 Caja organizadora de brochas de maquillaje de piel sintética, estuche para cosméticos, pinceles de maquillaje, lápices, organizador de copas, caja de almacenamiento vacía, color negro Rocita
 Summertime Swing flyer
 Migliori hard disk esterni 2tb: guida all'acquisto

^^^^^^^^

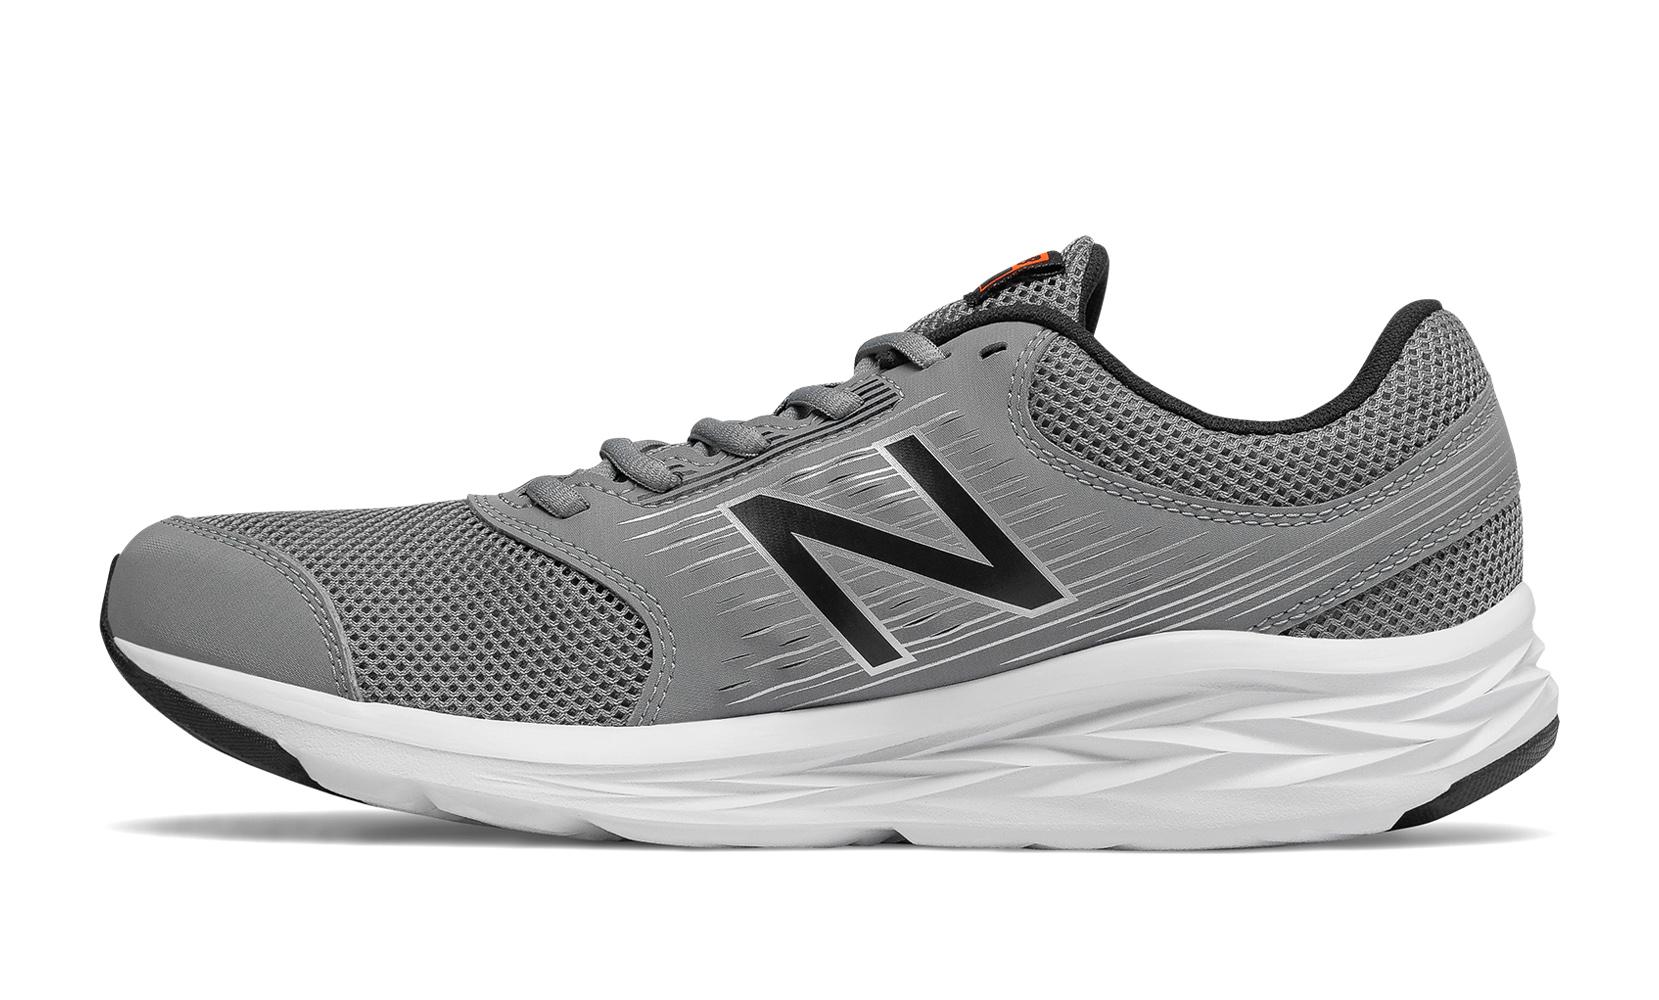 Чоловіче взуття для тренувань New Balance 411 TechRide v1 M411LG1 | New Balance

^^^^^^^^

Produce only the lines from the line containing "Caja organizadora de" through the line containing "Migliori hard disk", inclusive of both, exactly as they stand in the entries above.

*Solution:*
 Caja organizadora de brochas de maquillaje de piel sintética, estuche para cosméticos, pinceles de maquillaje, lápices, organizador de copas, caja de almacenamiento vacía, color negro Rocita
 Summertime Swing flyer
 Migliori hard disk esterni 2tb: guida all'acquisto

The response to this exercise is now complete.